PROBLEM REQUIREMENTS: Below are some records. Write out exactly their lines from the one with "White/Grey Sense 3 Seater Sofa" through the one with "Chevrolet Corvair Monza", and leave the pictures behind.

DATA FOR THE TASK:
◇ ◇ ◇ ◇ ◇ ◇ ◇

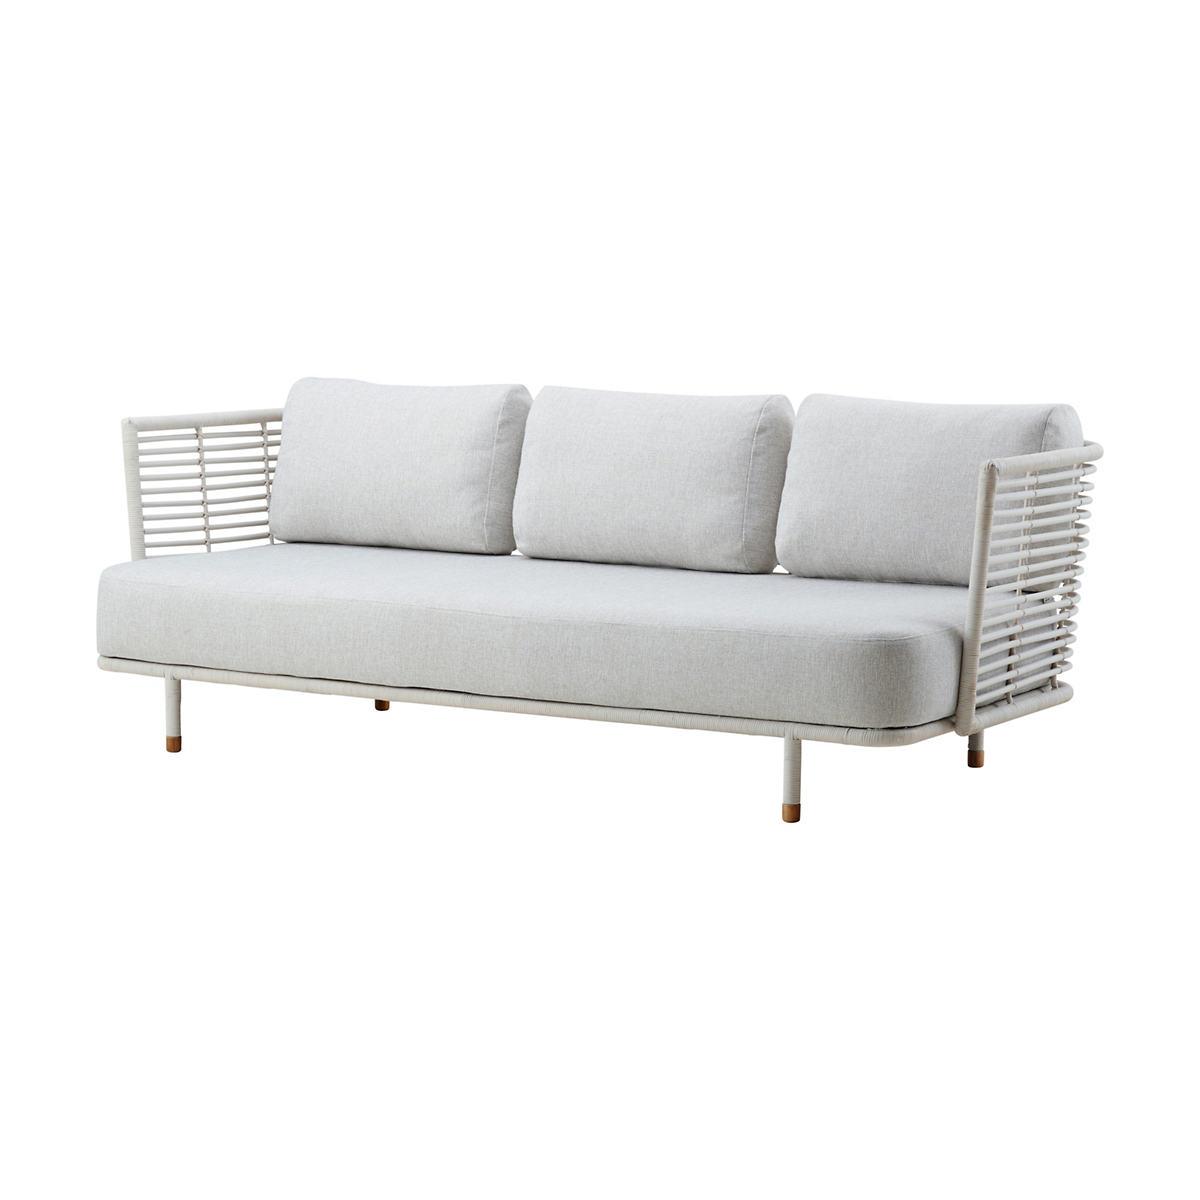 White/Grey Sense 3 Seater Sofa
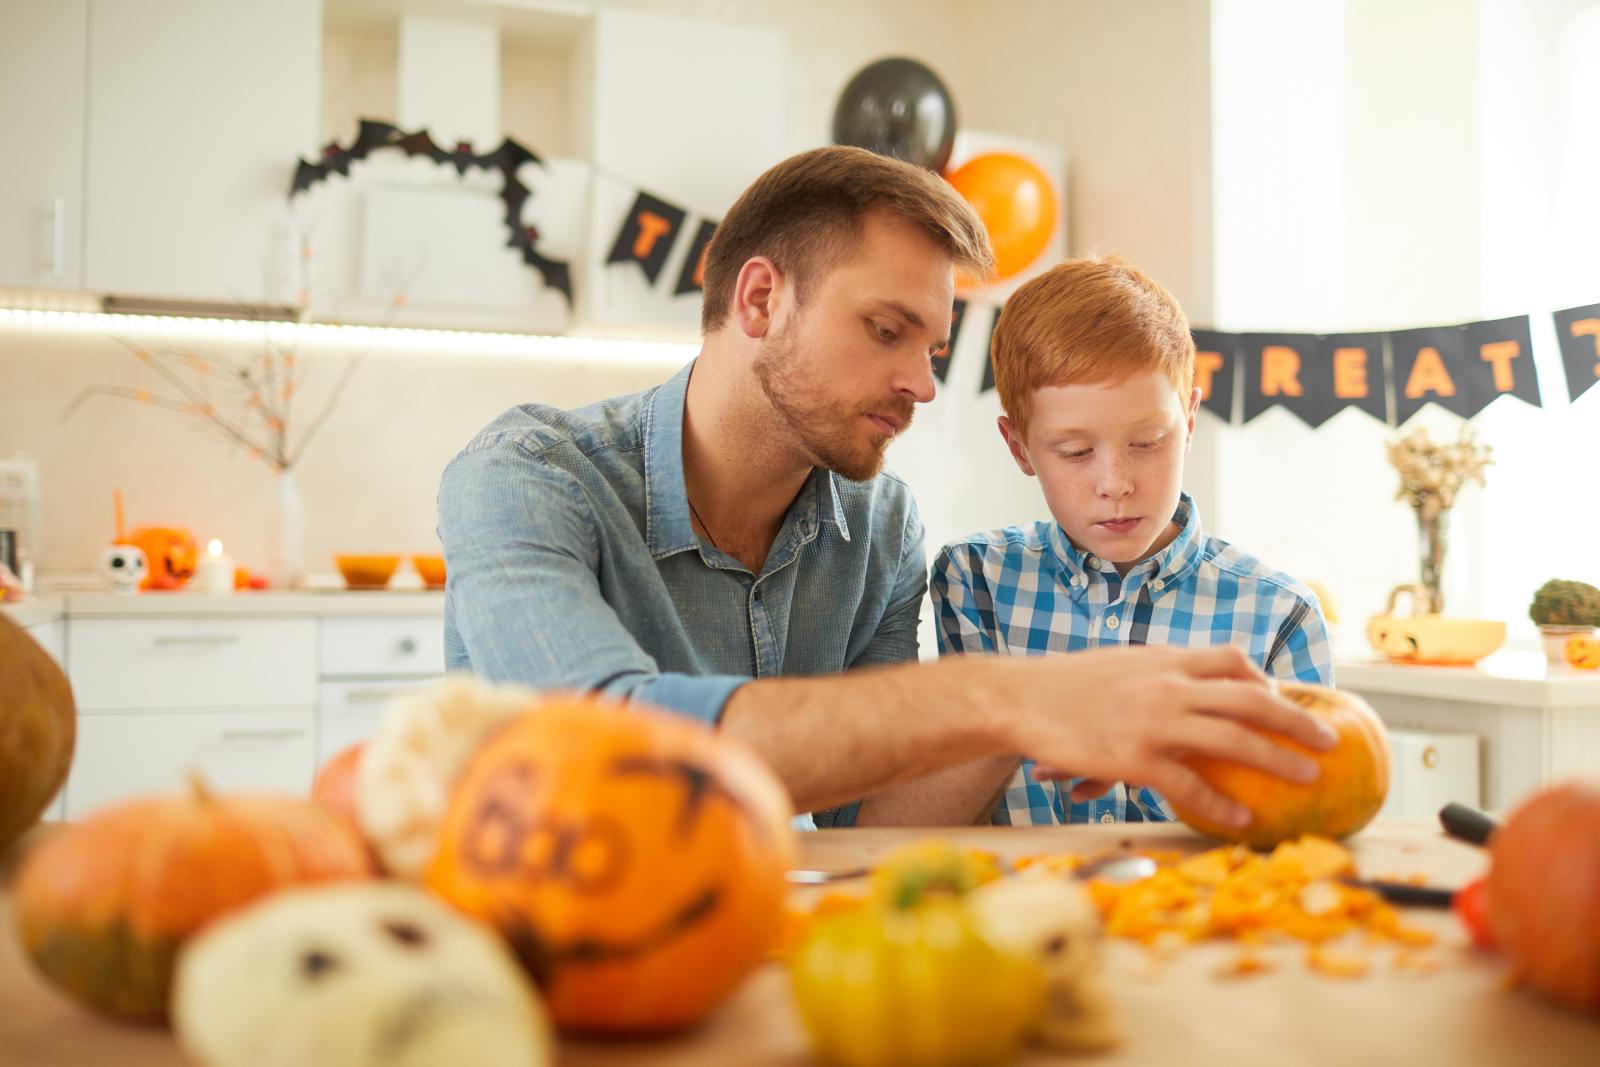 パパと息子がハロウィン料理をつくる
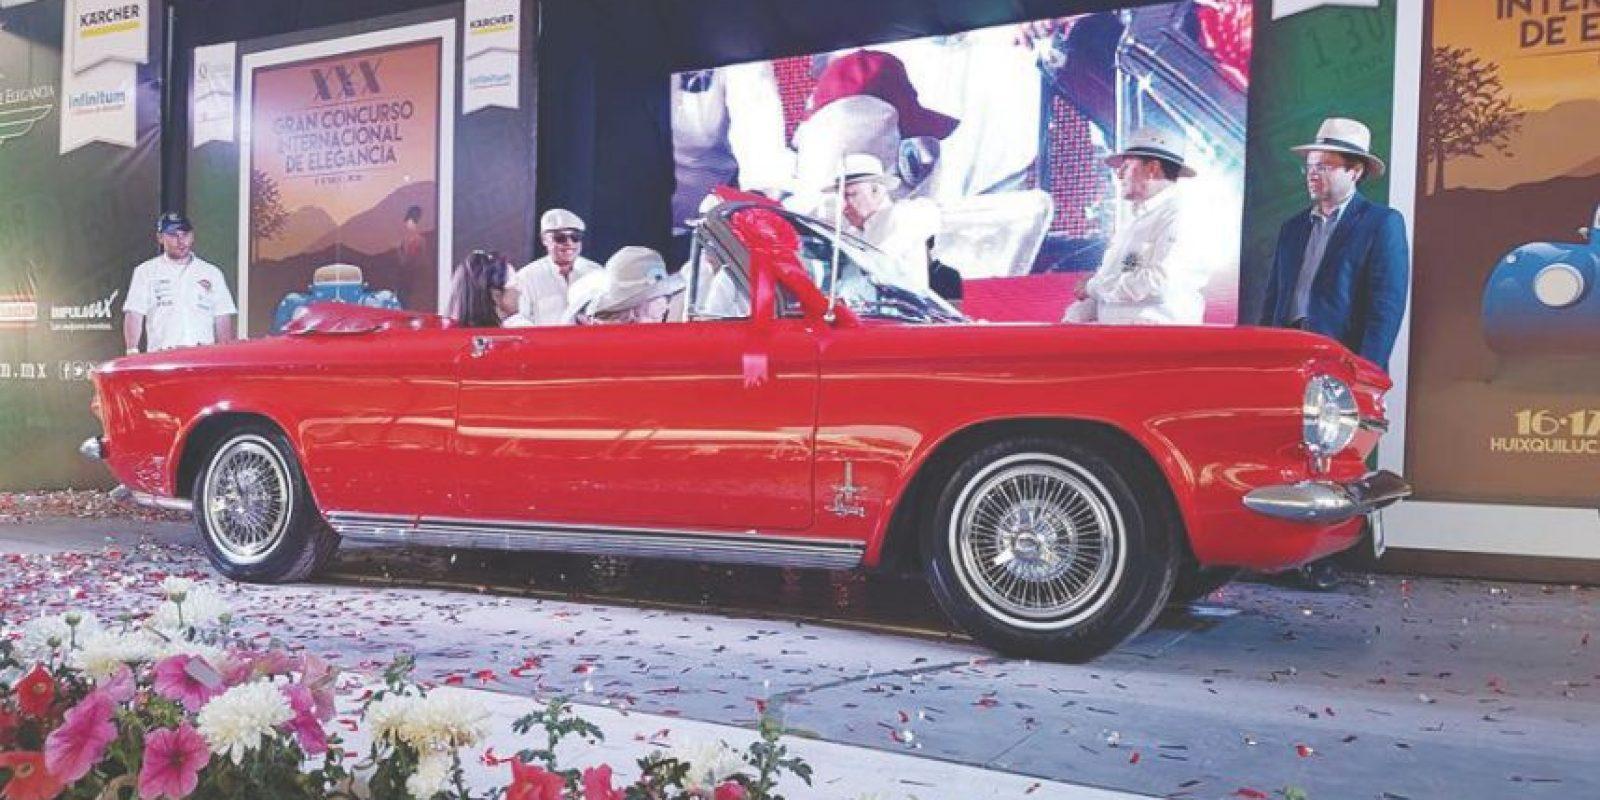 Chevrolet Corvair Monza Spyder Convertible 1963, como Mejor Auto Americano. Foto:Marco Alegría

◇ ◇ ◇ ◇ ◇ ◇ ◇

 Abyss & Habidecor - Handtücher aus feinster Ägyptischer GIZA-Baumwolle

◇ ◇ ◇ ◇ ◇ ◇ ◇

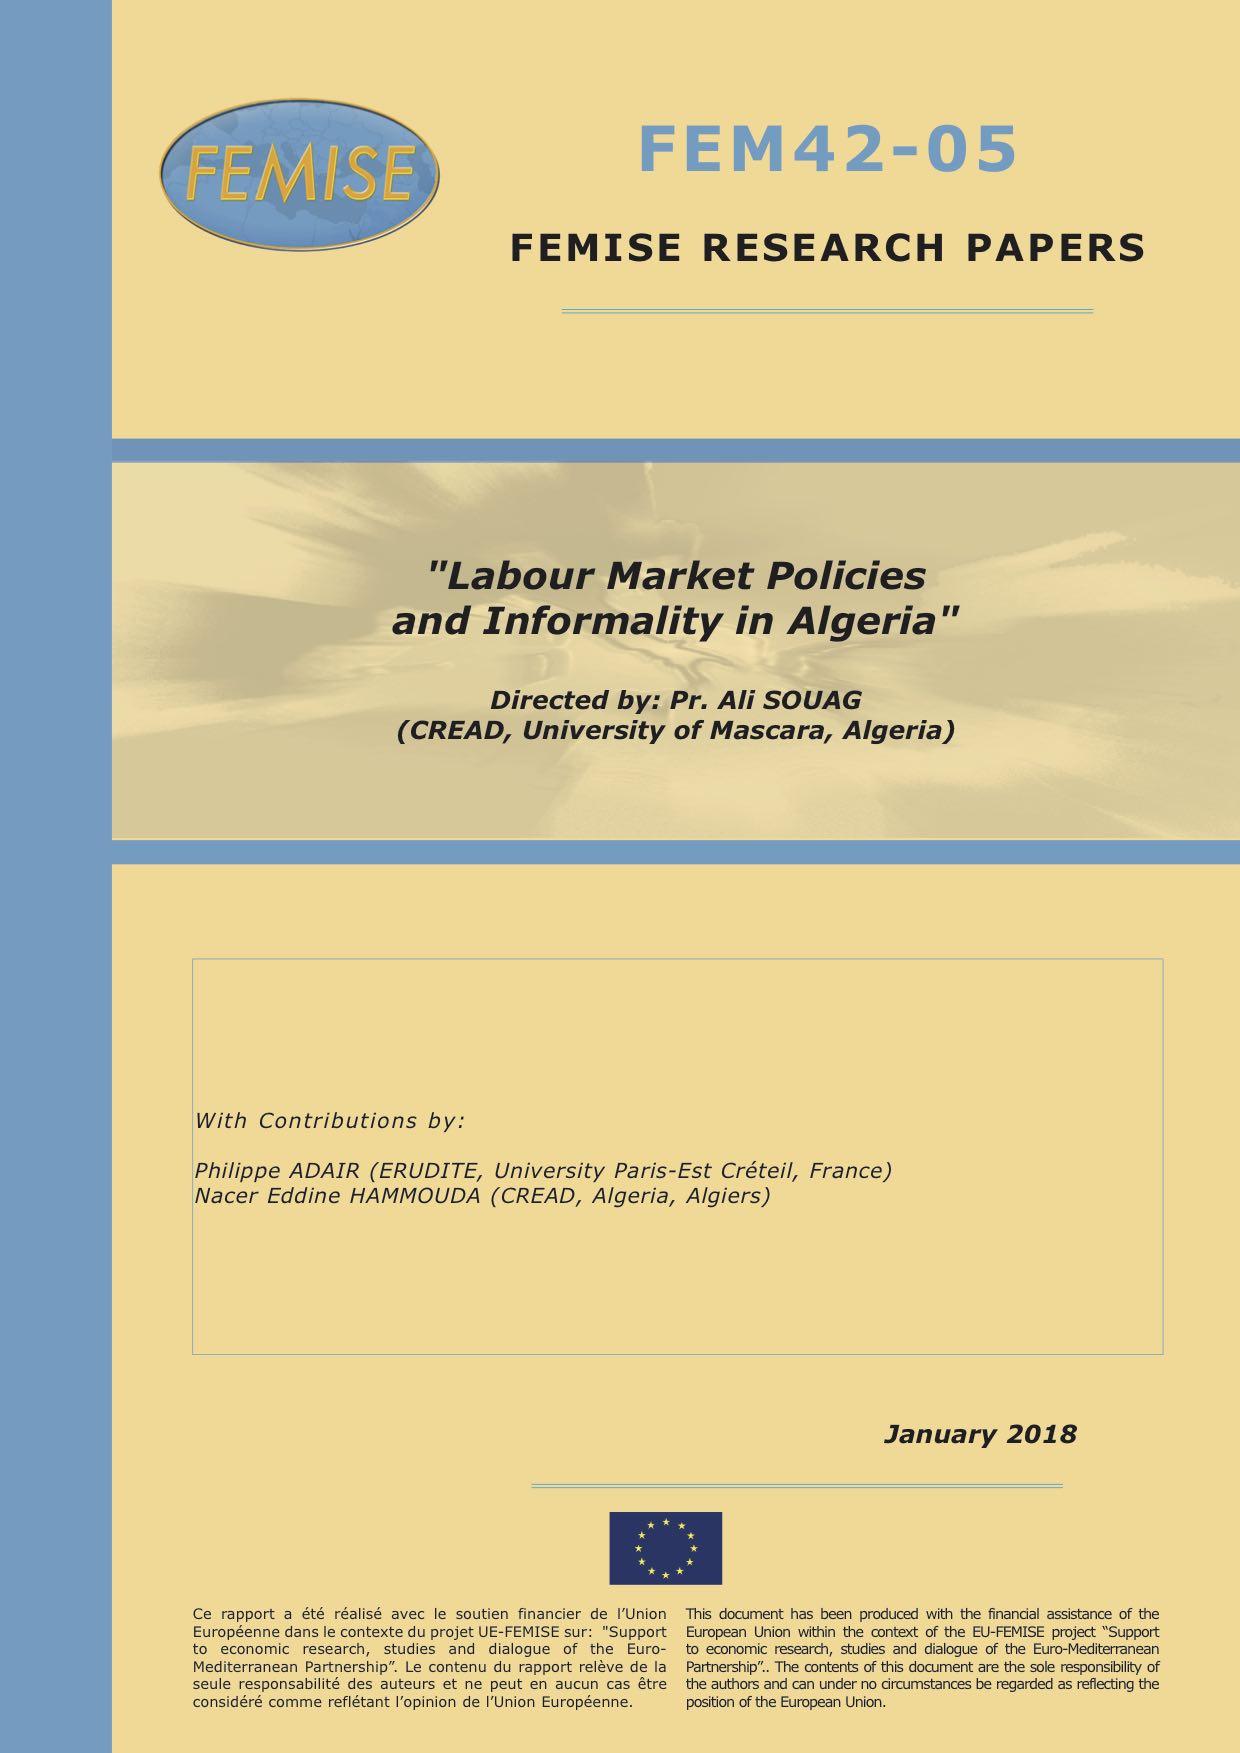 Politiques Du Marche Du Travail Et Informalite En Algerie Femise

◇ ◇ ◇ ◇ ◇ ◇ ◇

TASK OUTPUT:
 White/Grey Sense 3 Seater Sofa
 パパと息子がハロウィン料理をつくる
 Chevrolet Corvair Monza Spyder Convertible 1963, como Mejor Auto Americano. Foto:Marco Alegría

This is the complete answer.